Take the entire new economy, computers, telecommunications, the internet, now biotechnology and so on, the costs are largely socialised through various mechanisms such as the institution we’re now talking in (MIT ) which is part of the system. Costs are socialised, risks are socialised and if anything comes out decades later it’s handed over to private power. Computers and the internet are perfect examples. When I arrived at MIT fifty years ago computers were being developed here under the cover of air defence, which nobody believed in, but a computer in those days was big collection of rooms with vacuum tubes blowing up and paper flowing all over the place. Finally after ten or fifteen years they got them down to a scale where you could sell them as mainframes. So the project heads pulled out of the programme and started the first mainframe computer systems. Meanwhile IBM was learning how to switch from data processing machines to computers by using the technology and learning experiences and involvement which were being developedby federally funded programmes in places like here, they were using the MIT and Harvard computers which were government computers under Pentagon cover.
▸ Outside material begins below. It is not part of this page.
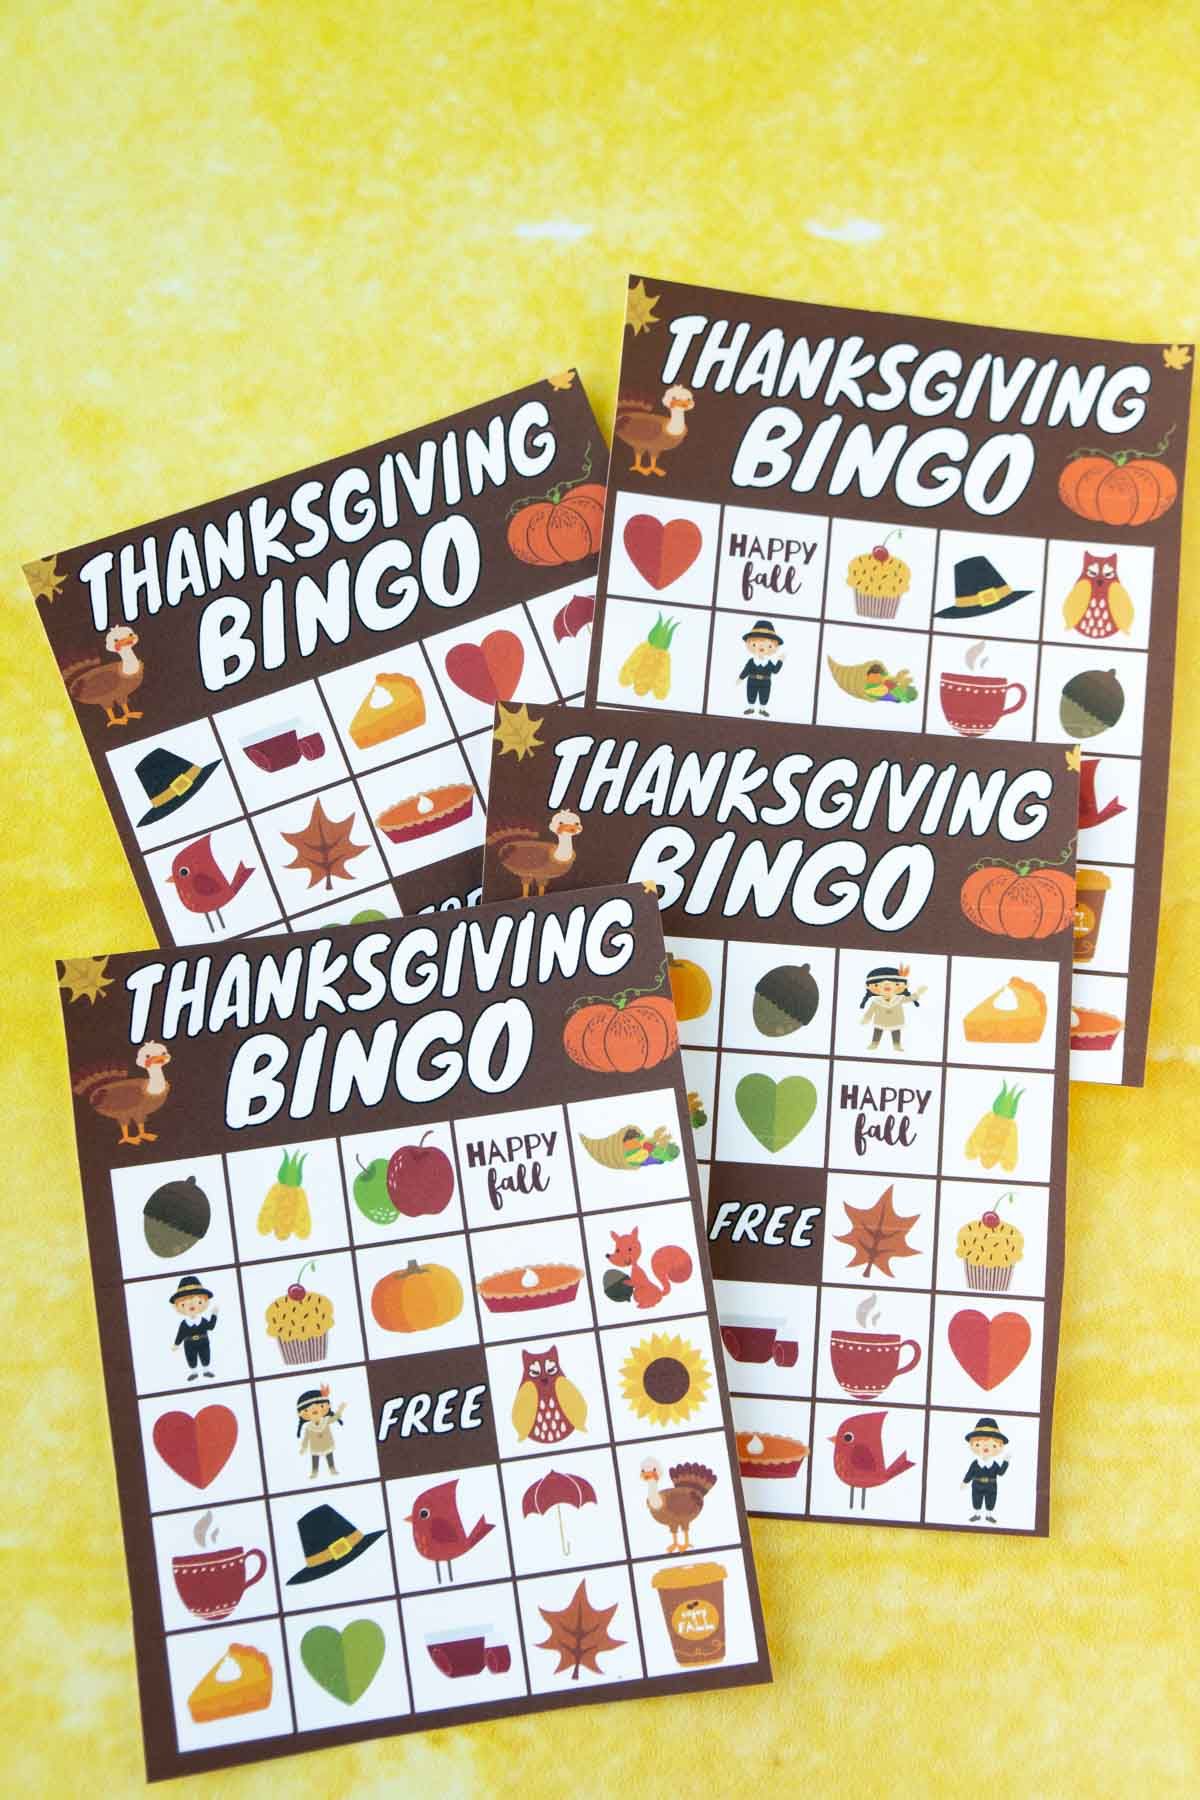 Neli tänupüha bingokaarti kollasel taustal

The same is true even of the pharmaceutical industry. The pharmaceutical industry has they highest profits of any industry, they claim that they need them because of research and development costs. Well by their own figures only about forty per cent of their research and development is in-house and even that’s misleading because a lot of that is waste, it’s copy cat drugs and things like that. There was one good economist who asked the obvious question, suppose we take the public funding of research and development and make it a hundred per cent and then we force the pharmaceutical industries out of the market, what would the savings be to consumers? Well it turns out the savings would be astronomical, much greater than was expected. But you can’t do that, it’s another one of those things that is politically impossible because they have too much power.
This is the way in which rich societies became rich. The rules and measures that are being imposed on Iraq or Haiti, or much of the world by the World Trade Organisation, that’s the way those countries became the third world. And the correlation is just striking. If you take a look at the modern period, since the neo liberal rules were formalised, there has been development in places like East Asia, but that’s because these countries didn’t follow the rules, they basically disregarded them, they followed the same rules that the rich countries had used for themselves, controlling investment; targeting investment or technologytransfer, which is now called piracy. They entered the market on their own terms just as England, The United States, Germany and others had done before them. If you have economic sovereignty then you can enter international markets on your own terms, you have a chance to develop, If you’re forced to enter the market by outside pressure, then you don’t.